China state-sponsored hackers target online gambling with ransomware


Online gambling firms are being targeted with ransomware by Chinese state-sponsored hackers in what is either a dramatic shift in priorities or simply greedy techs looking to pad their meager salaries. 

A report by Israeli cybersecurity firms Profero and Security Joes details a series of ransomware attacks against five unidentified online gambling companies earlier this year by a group alternately known as Advanced Persistent Threat 27 (APT27) or Emissary Panda. 

The report builds on a separate report this February by Trend Micro, who identified a Chinese-led hacking group known as Winnti (aka APT41), which until that point had a history of going after online gaming (not gambling) firms. The APT27 attacks used similar DRBControl malware to gain access targeted servers but APT27 was traditionally focused on corporate espionage rather than financial gain. 

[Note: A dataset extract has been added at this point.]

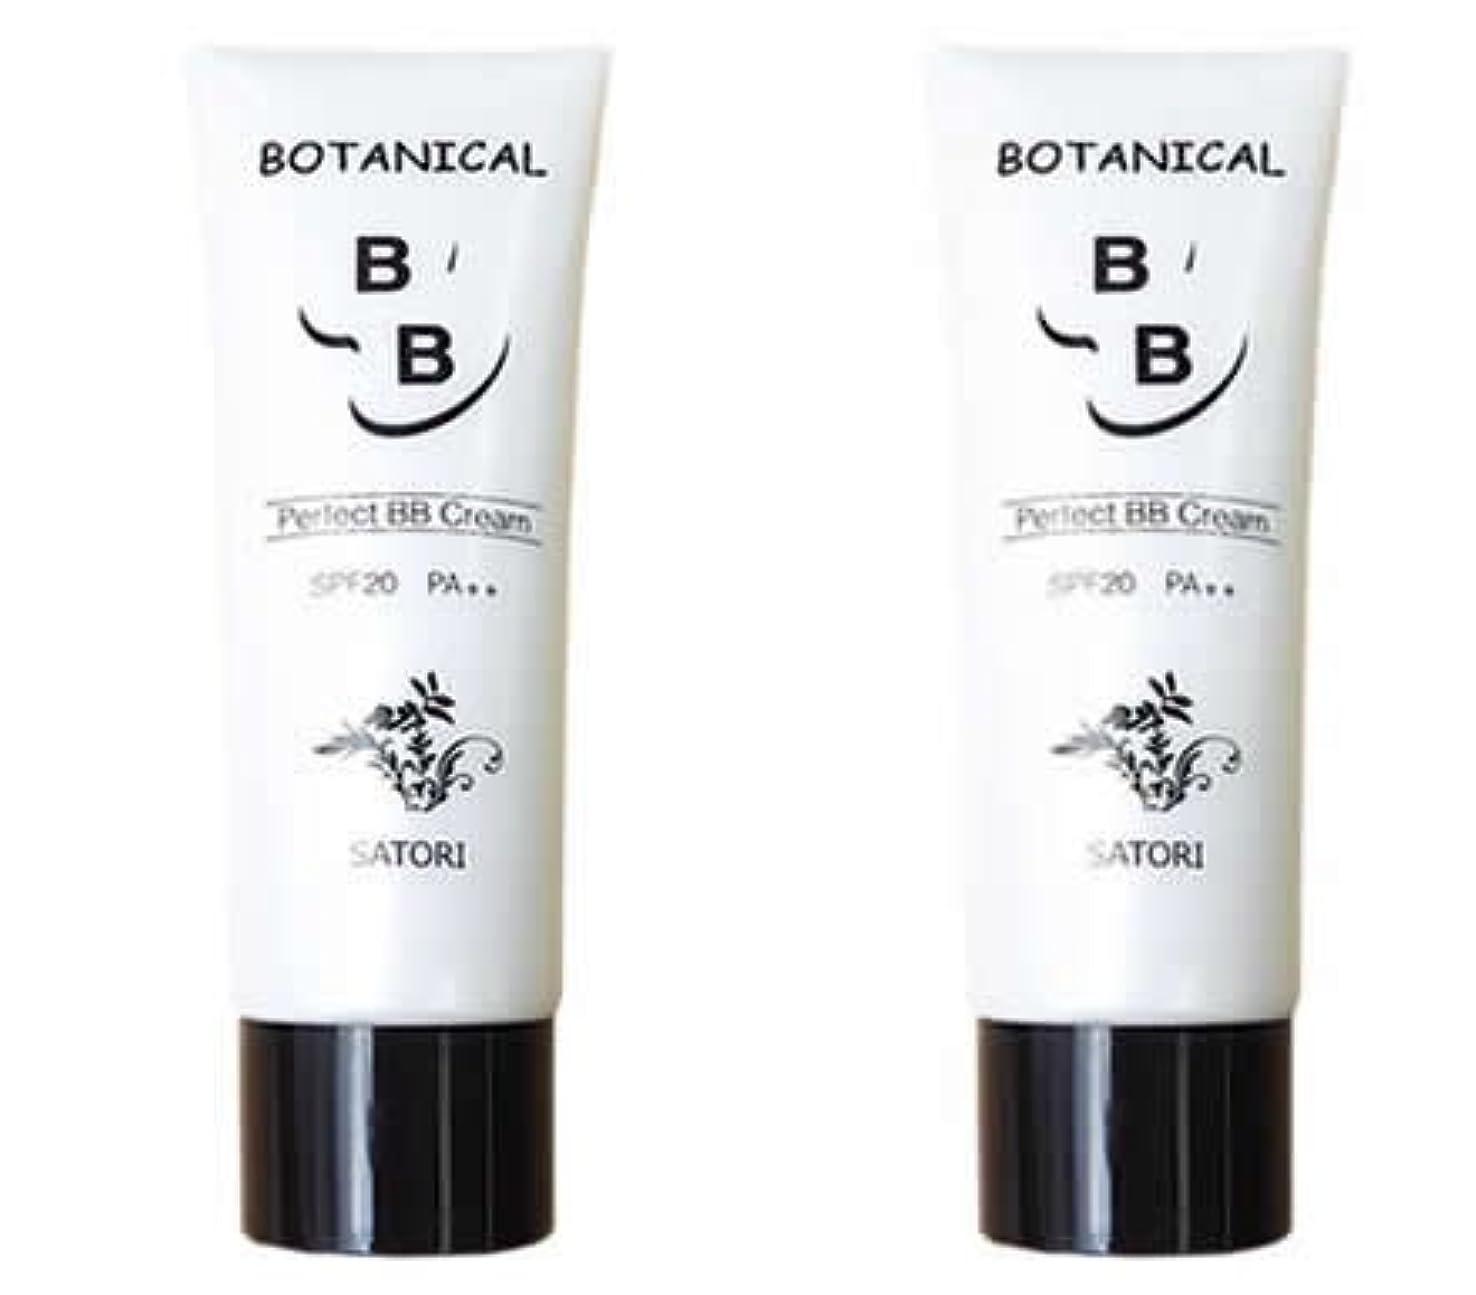 ベールトークンサンダースSATORI BOTANICAL BB クリーム 50g×2本セット

The APT27 attacks also differed in that, once the hackers had gained access to a specific server, they utilized the BitLocker encryption tool built into Windows to deny access to the servers by their rightful owners rather than employ a custom piece of ransomware. 

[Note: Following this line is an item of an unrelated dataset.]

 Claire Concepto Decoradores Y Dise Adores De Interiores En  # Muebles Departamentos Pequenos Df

Profero/Security Joes’ reps say the hackers demanded a total of US$100m in Bitcoin from the targeted gambling operators to unlock the servers. However, no ransom was ever paid, as the security teams were able to minimize the threat and the companies were able to restore their data using backup files. 

In 2019, US cybersecurity group FireEye claimed Winnti, the group cited in the TrendMicro report, had pioneered combining political and commercial activities dating back to 2014. FireEye couldn’t determine whether this group “enjoys protections that enables it to conduct its own for-profit activities, or authorities are willing to overlook them.” 

China’s neighbor North Korea is notorious for engaging in these types of for-profit cyber-shenanigans, having not only established a network of its own online gambling sites, but also attempted to steal Bitcoin from South Korean cryptocurrency exchanges and is widely believed to have been behind the attempt to steal $1b from the Bangladesh government (they got away with ‘only’ around $81m). 

However, pandemic aside, China’s economic situation isn’t anywhere near as dire as North Korea’s and cybersecurity researcher Amit Serper told Haaretz that China’s state-sponsored hackers tend to use the same tactics and tools across a number of attacks, making their digital footprints relatively easy to track. That opens the possibility that another bad actor is attempting to disguise its true identity by mimicking Chinese tactics. So could North Korea be pulling a false flag operation here?

There’s also the possibility that the ransomware was simply a diversion and that the hackers’ primary aim was to disrupt operators accepting bets from mainland gamblers. China dramatically boosted its fight against ‘cross-border’ gambling last year and may have been looking for new ways of identifying and punishing mainland gamblers as a warning to others. 

The hackers’ motivations may be unclear but the moral of this story isn’t. Cyberspace is a dangerous place, so let’s be careful out there, people.